DATA EXCERPT =
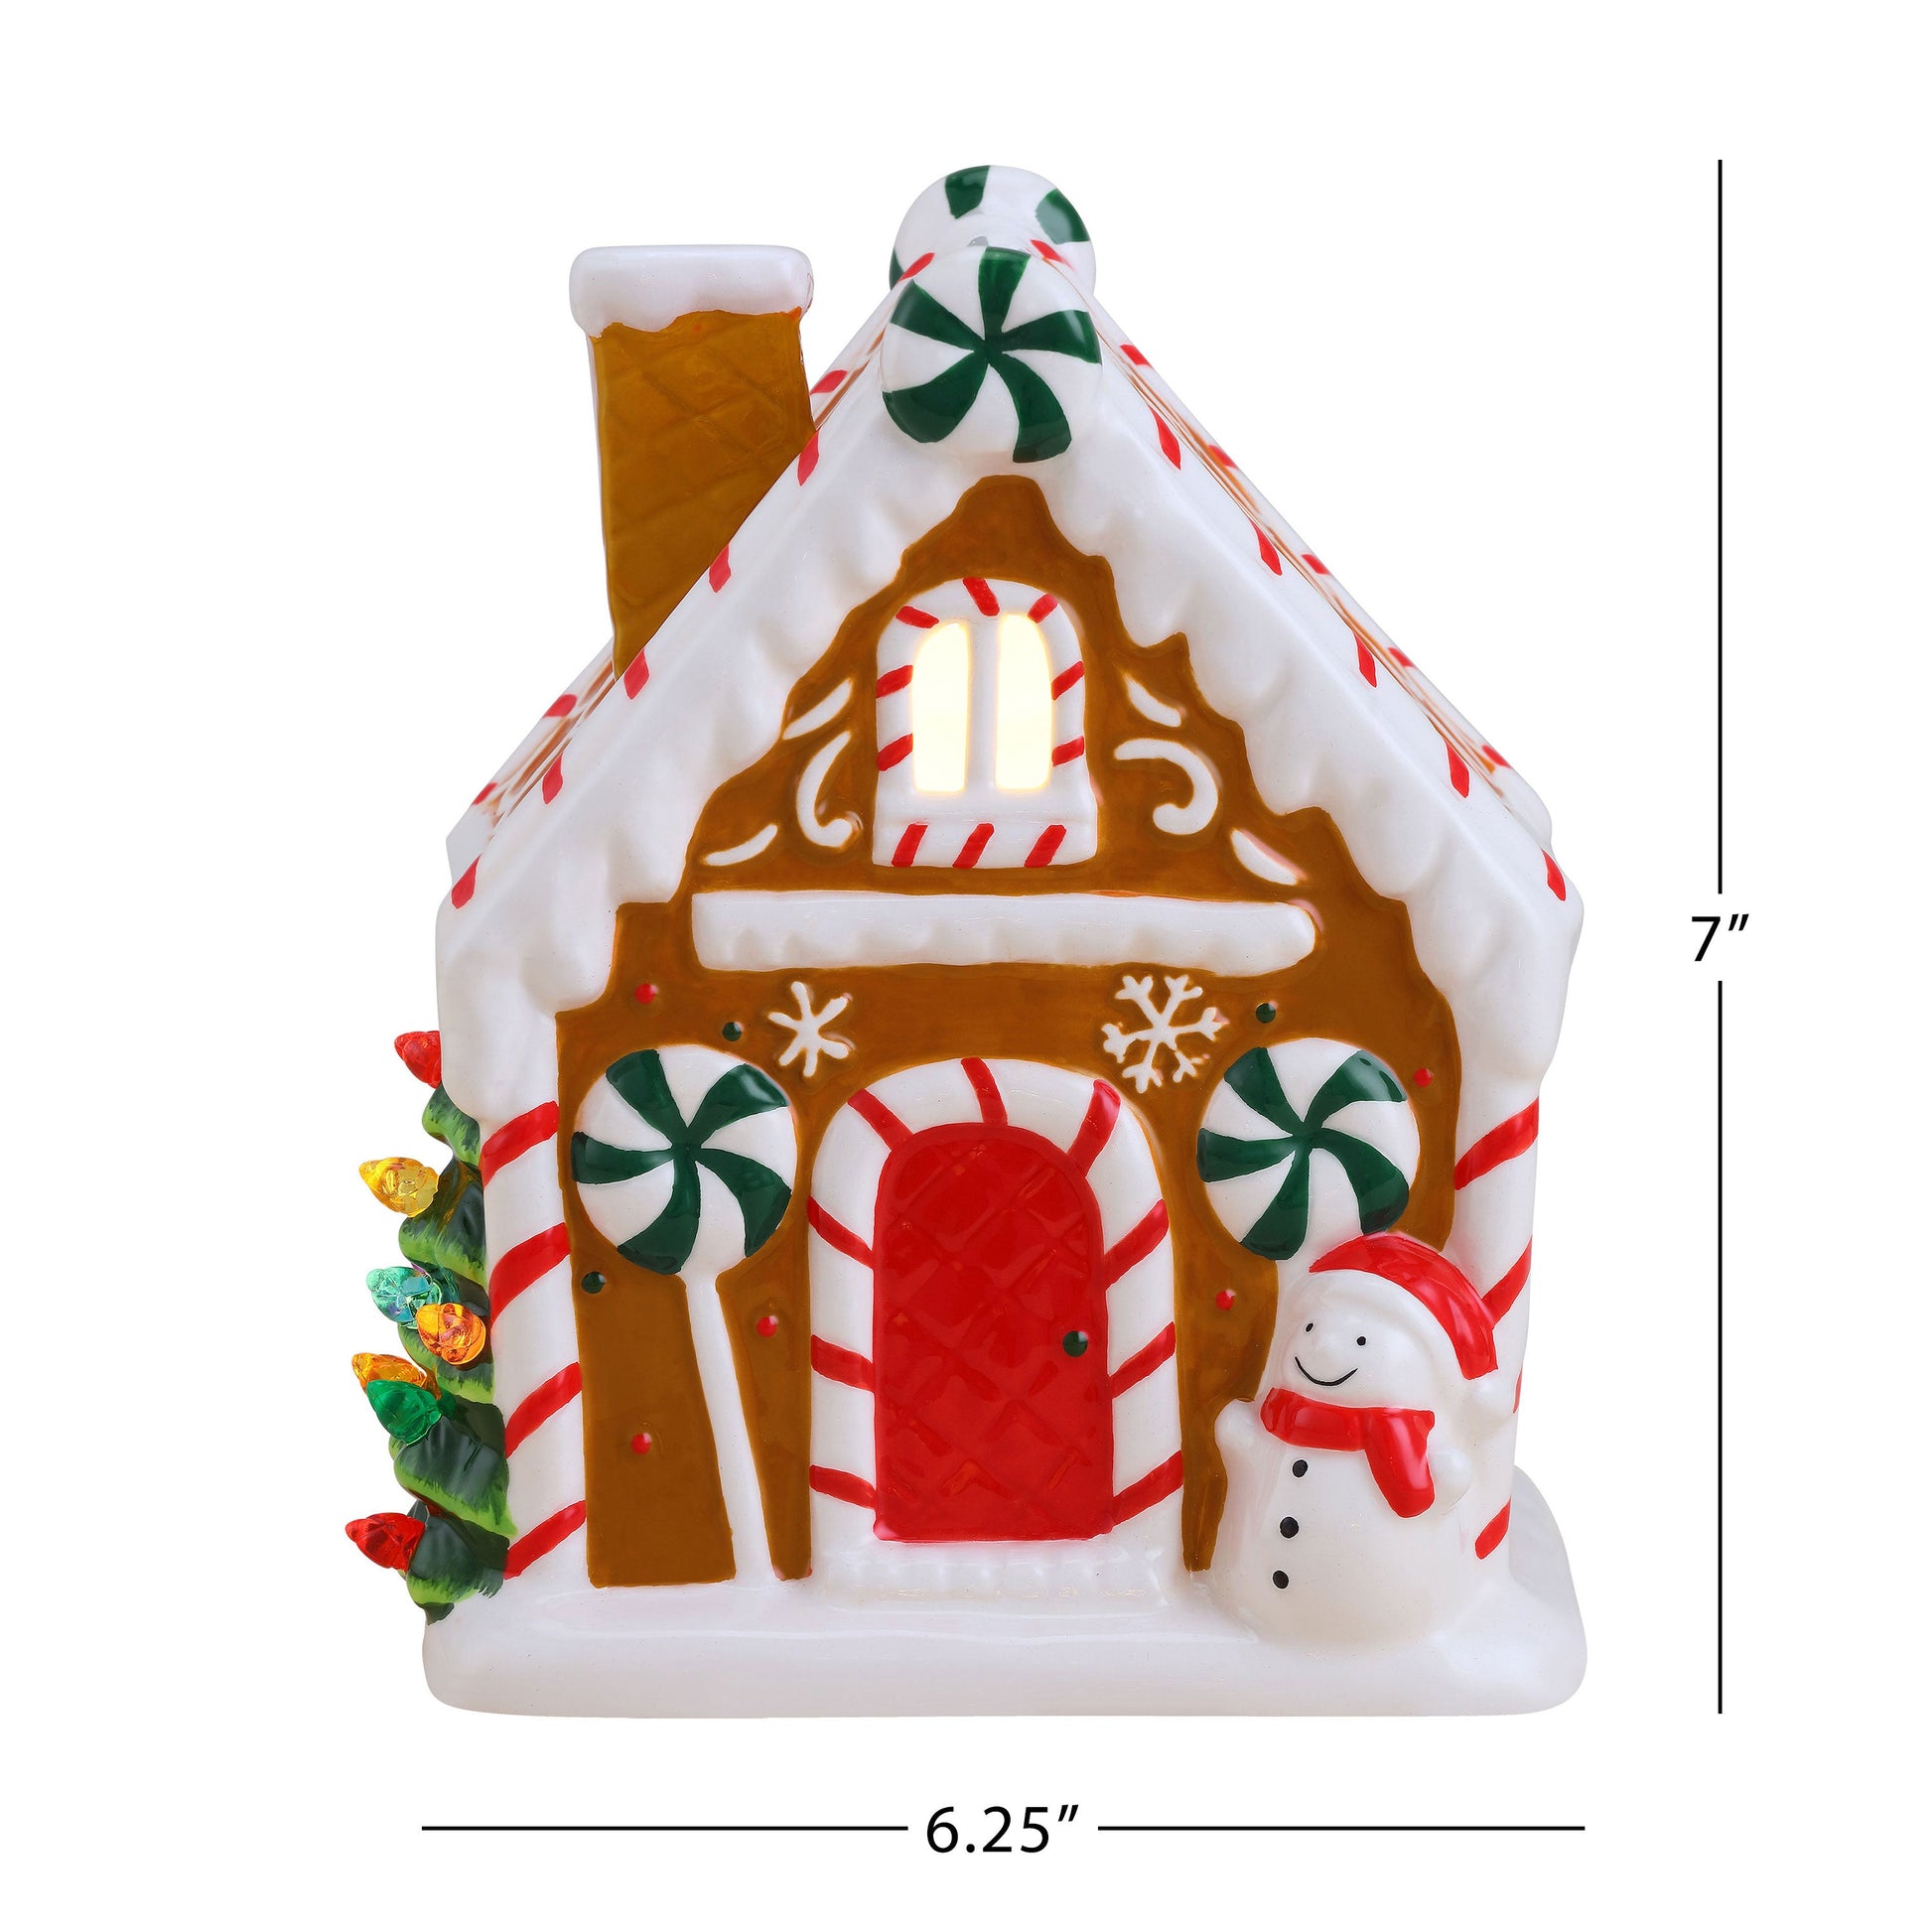 7" Nostalgic Ceramic Lit Gingerbread House - Brown - Mr. Christmas
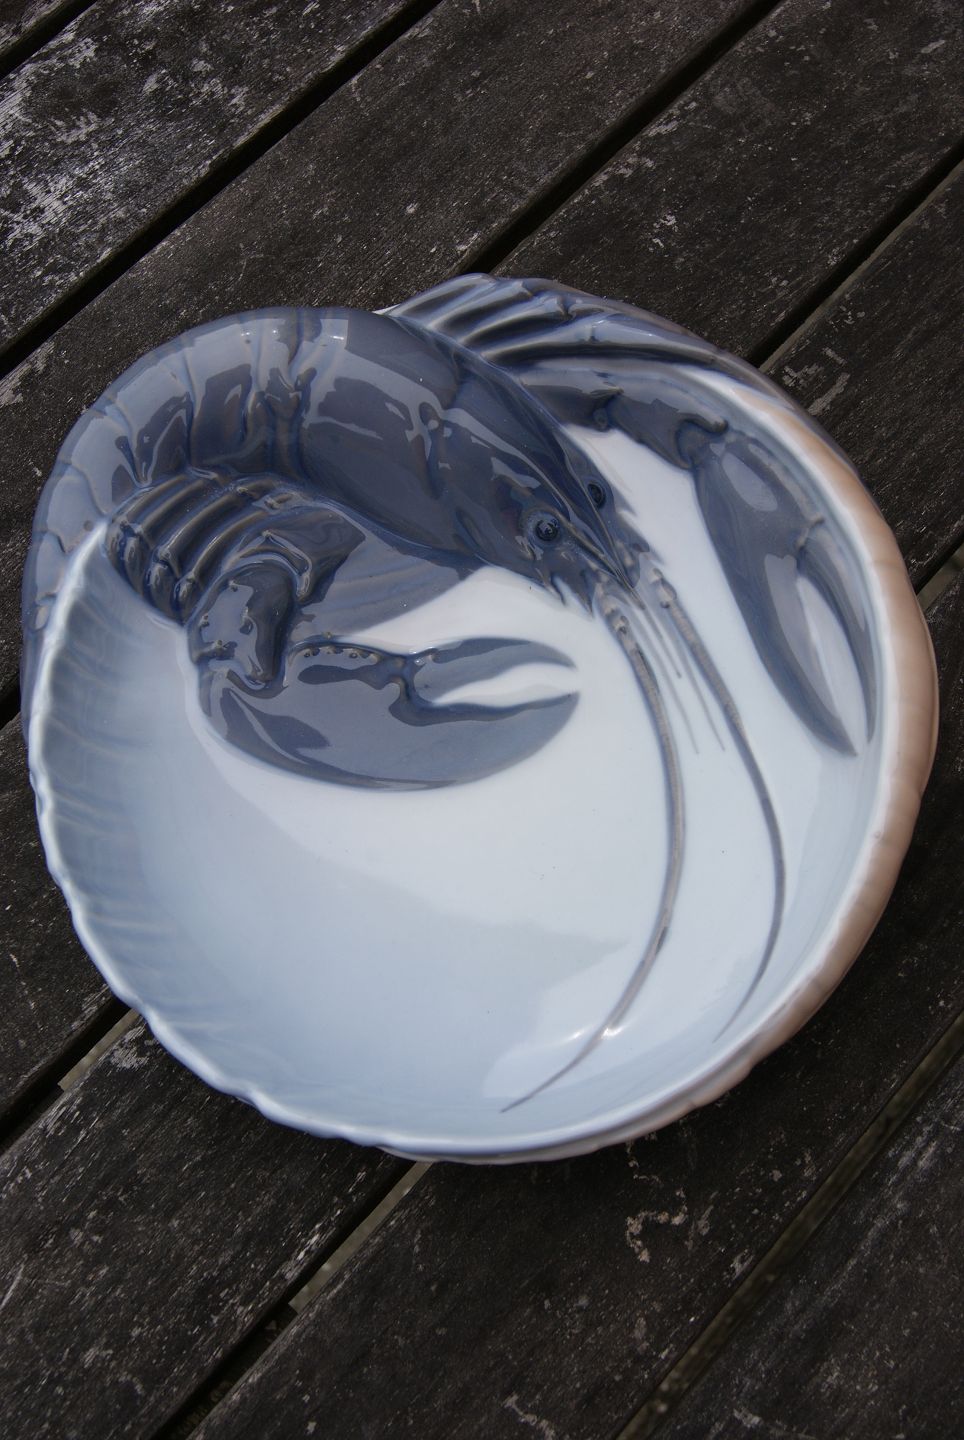 WorldAntique.net - Porcelain bowl with lobster by Royal Copenhagen, Denmark
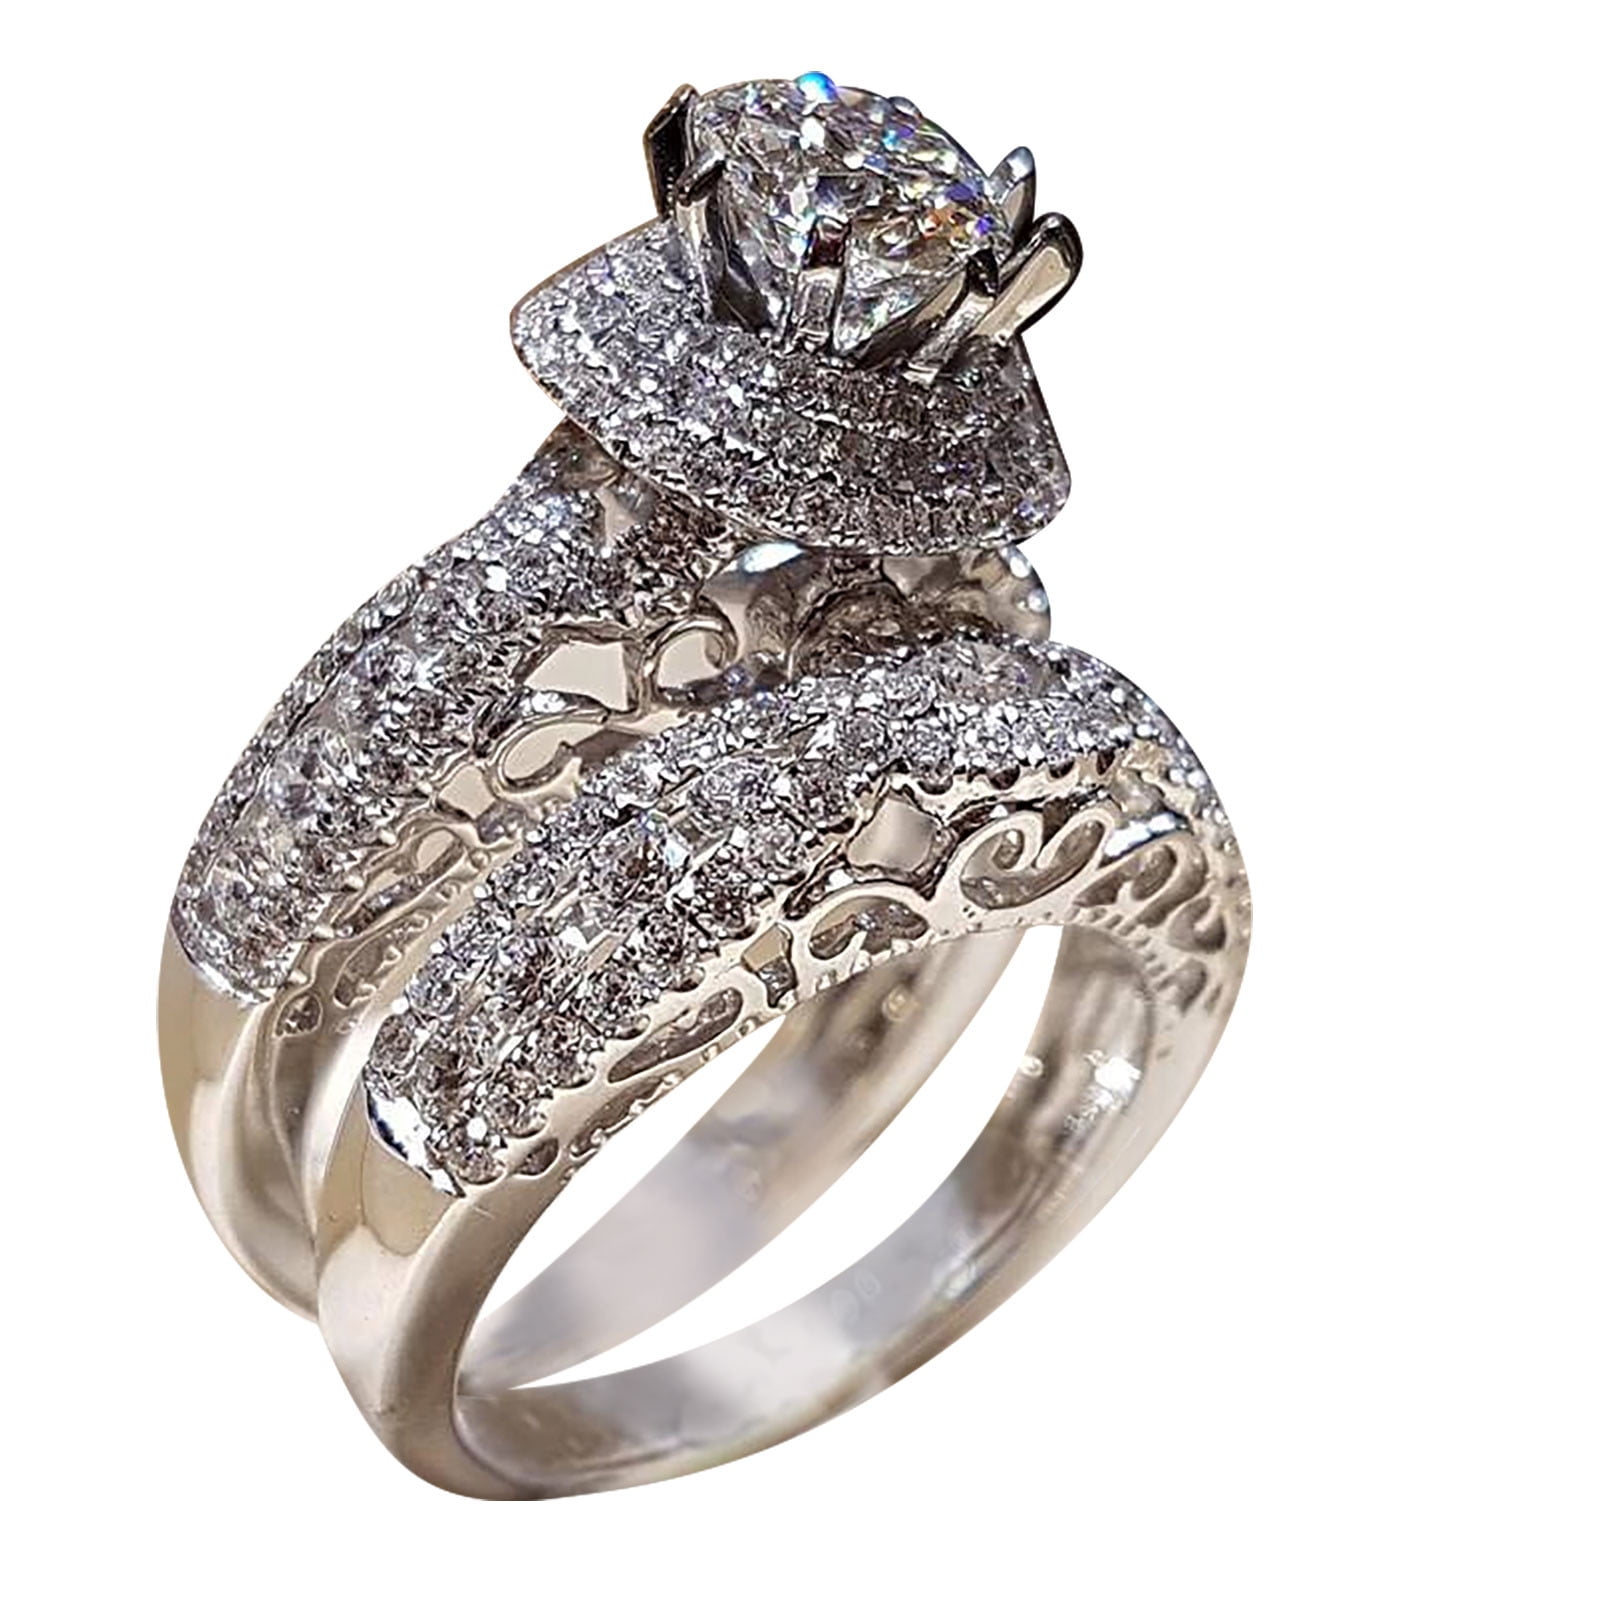 2mm Sapphire Garnet Engagement Ring Band Silver White Gold Bridal Wedding Band Birthstone Stacking Ring Minimalist Blue Red Gemstone Ring

REQUIREMENT = From the line with "WorldAntique.net - Porcelain" to the last line of the material, both inclusive, set down every line exactly and nothing else; omit pictures.

REPLY TO THE EXERCISE =
 WorldAntique.net - Porcelain bowl with lobster by Royal Copenhagen, Denmark
 2mm Sapphire Garnet Engagement Ring Band Silver White Gold Bridal Wedding Band Birthstone Stacking Ring Minimalist Blue Red Gemstone Ring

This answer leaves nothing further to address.